While I’ve read some detractors talk about this book, King counts Margaret Atwood as one of his superfans. Writing in The New York Times in 2013, Atwood ranked DOCTOR SLEEP as having “all the virtues of his best work.” King has an uncanny ability to get into the heads of his villains, and the True Knot is no exception. In fact, there is a part of my brain that wanted them to succeed because of the perversely romantic notion of immortal beings existing long after the dust has settled on civilisation. Unquestionably wicked, but King almost gives us enough to at least empathise with them, if not outright sympathise.
Perhaps the best way to read this novel is as a personal musing on grief, guilt, and learning to live with your own demons.
For Constant Readers, there are countless connections to other works in here as well, some of which tie directly into King’s elegant multiverse. Two of his fictional Maine towns are mentioned, along with a death date and a familiar phrase from The Dark Tower series. Deeper cuts from Lisey’s Story, The Talisman, and the comic book series American Vampire can also be found, but most interesting of all are the references to son Joe Hill’s NOS4A2.
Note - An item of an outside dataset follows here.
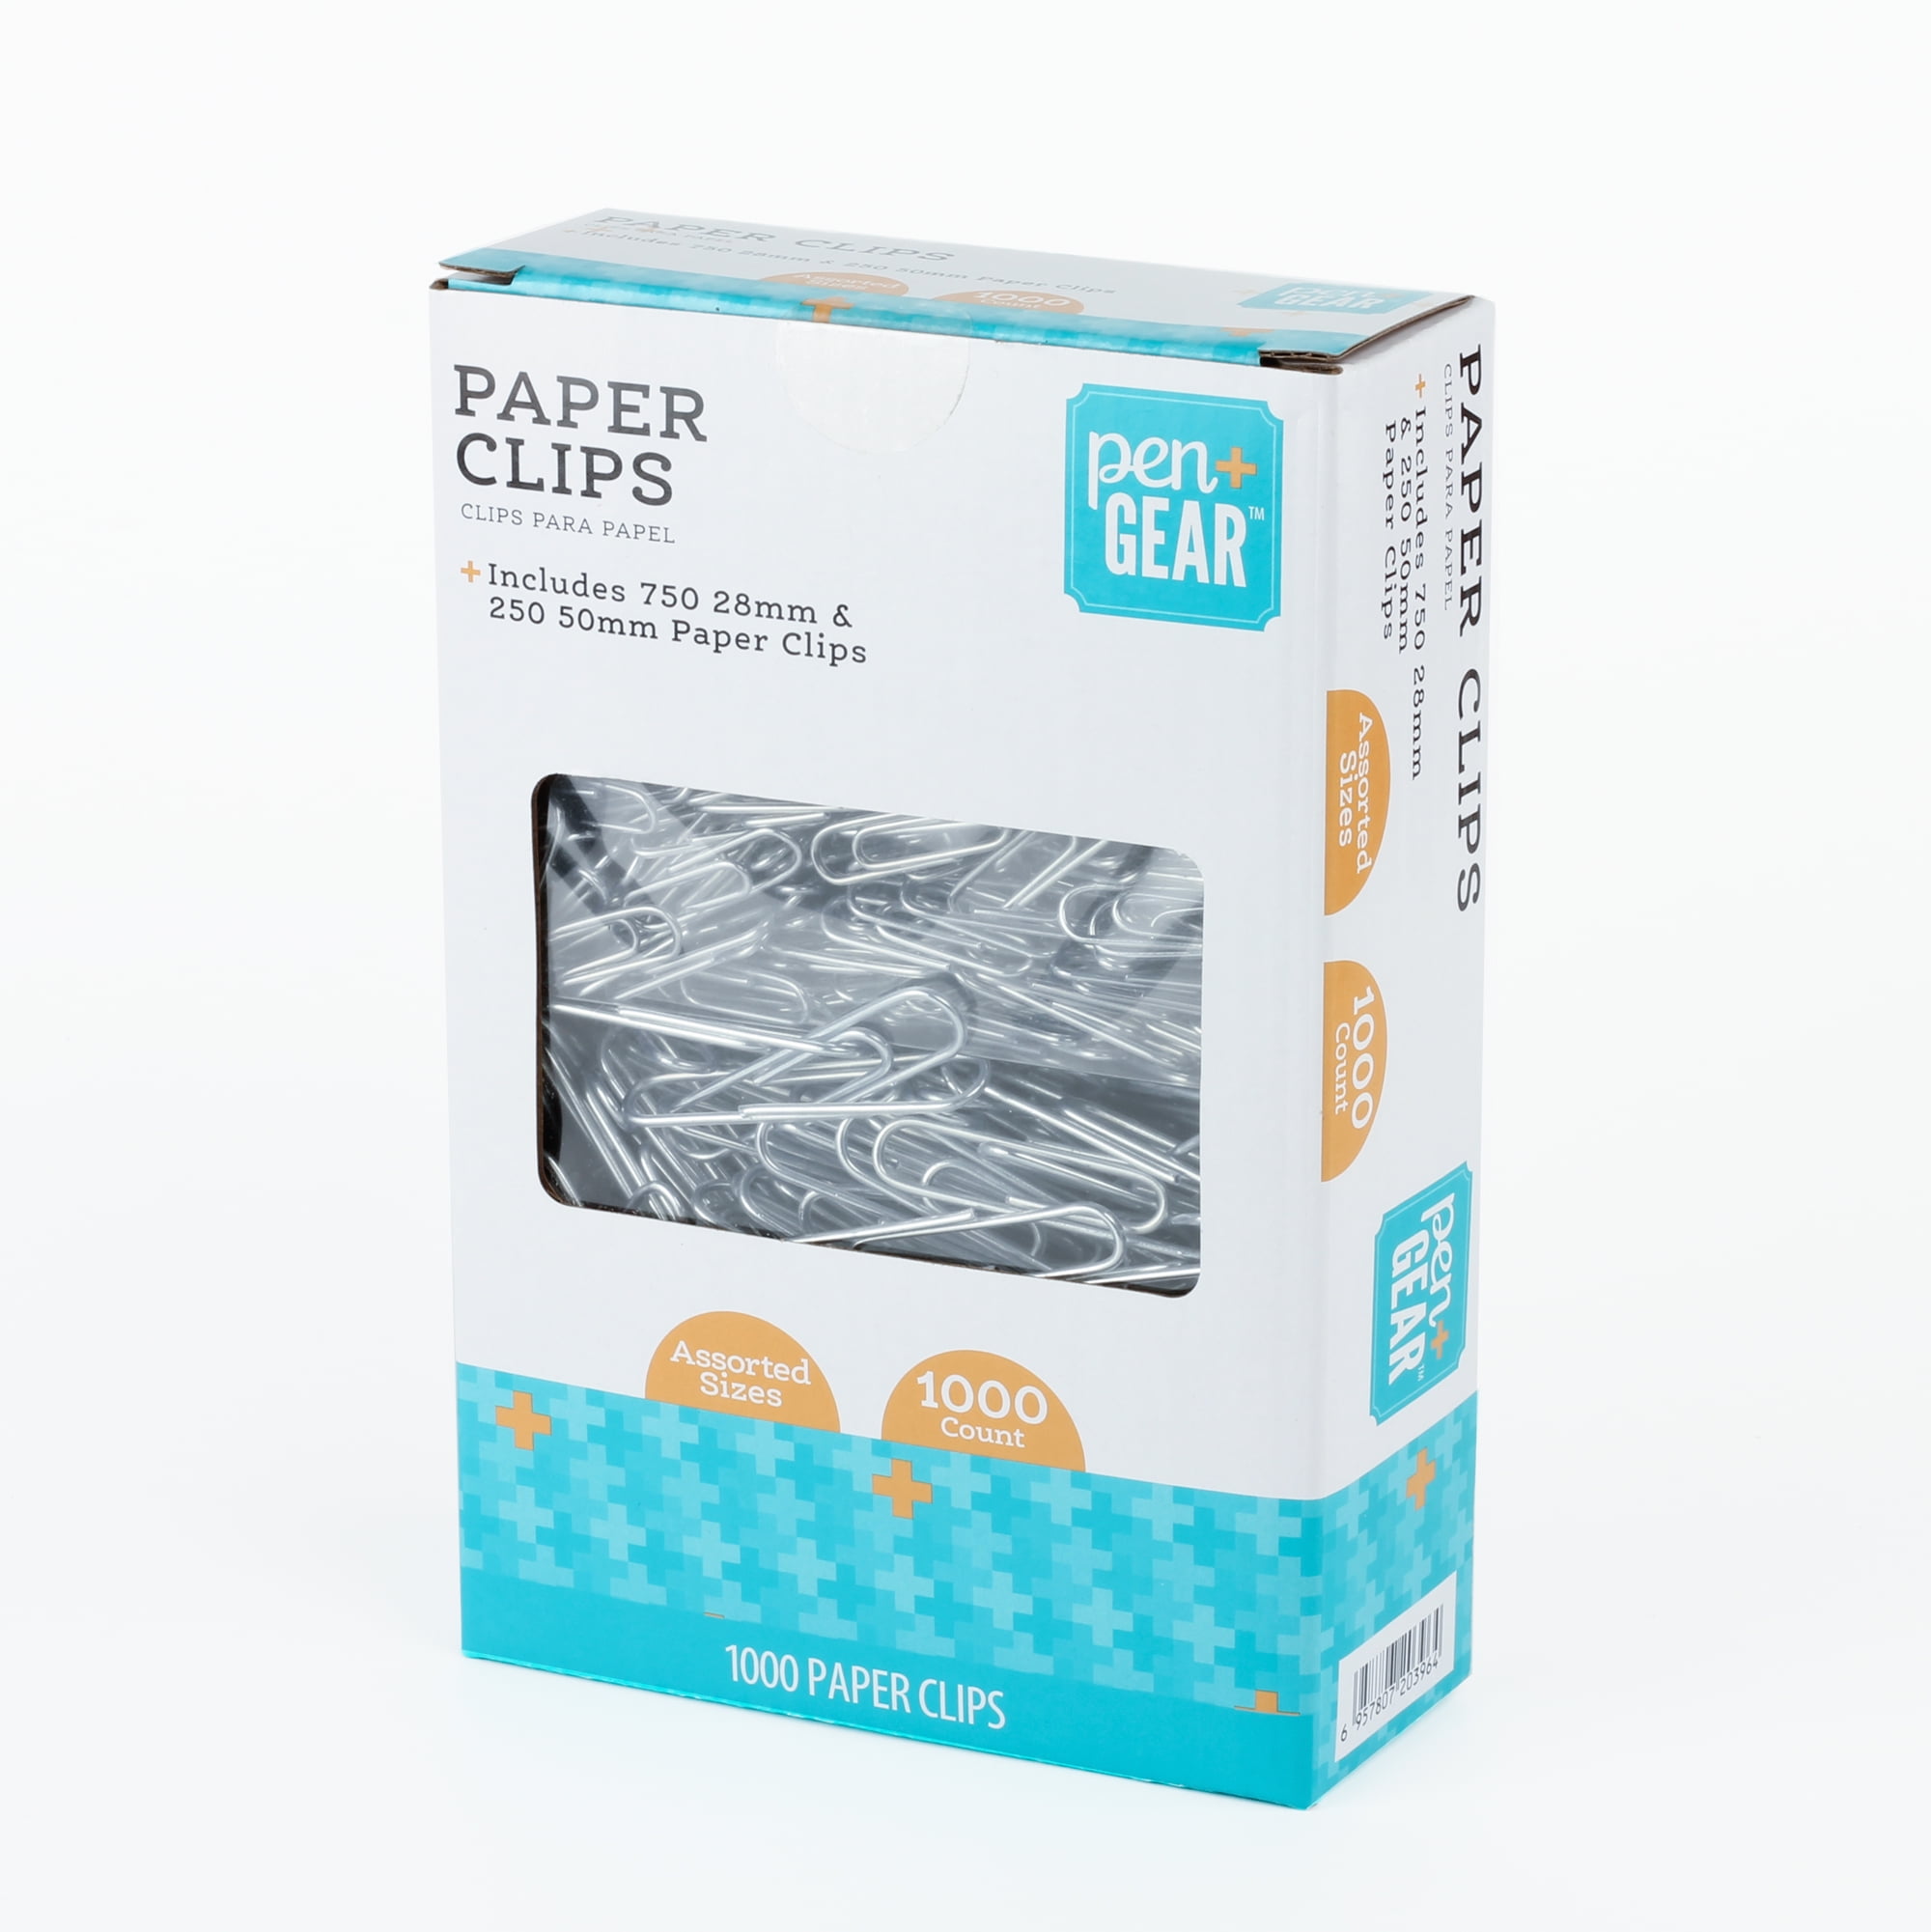 Wedo 901244601 Paper Clips 27 mm Metal Plastic Coating Black Set of 1000 in Transparent Box

DOCTOR SLEEP is soon to be a major motion picture, and it too is just as much a sequel to the Kubrick film as it is an adaptation of this novel. Yet perhaps the best way to read this novel is as a personal musing on grief, guilt, and learning to live with your own demons. Whether it’s alcoholism, depression, or any chronic diagnosis, sometimes there’s no overcoming it. This story reminds us that sometimes learning to acknowledge those parts of us can lead us to finding our greatest strengths.
* This was a special break from my chronological journey through King in preparation for the upcoming film. This month also sees the release of The Institute, which will get a separate review. While we’re diverted, I’m going to re-read 1988’s Misery out of order because Lizzy Caplan has been cast as Annie Wilkes for the second season of TV’s Castle Rock. In November, I’ll be back to regular programming with 1983’s Christine. It all makes sense in my head at least.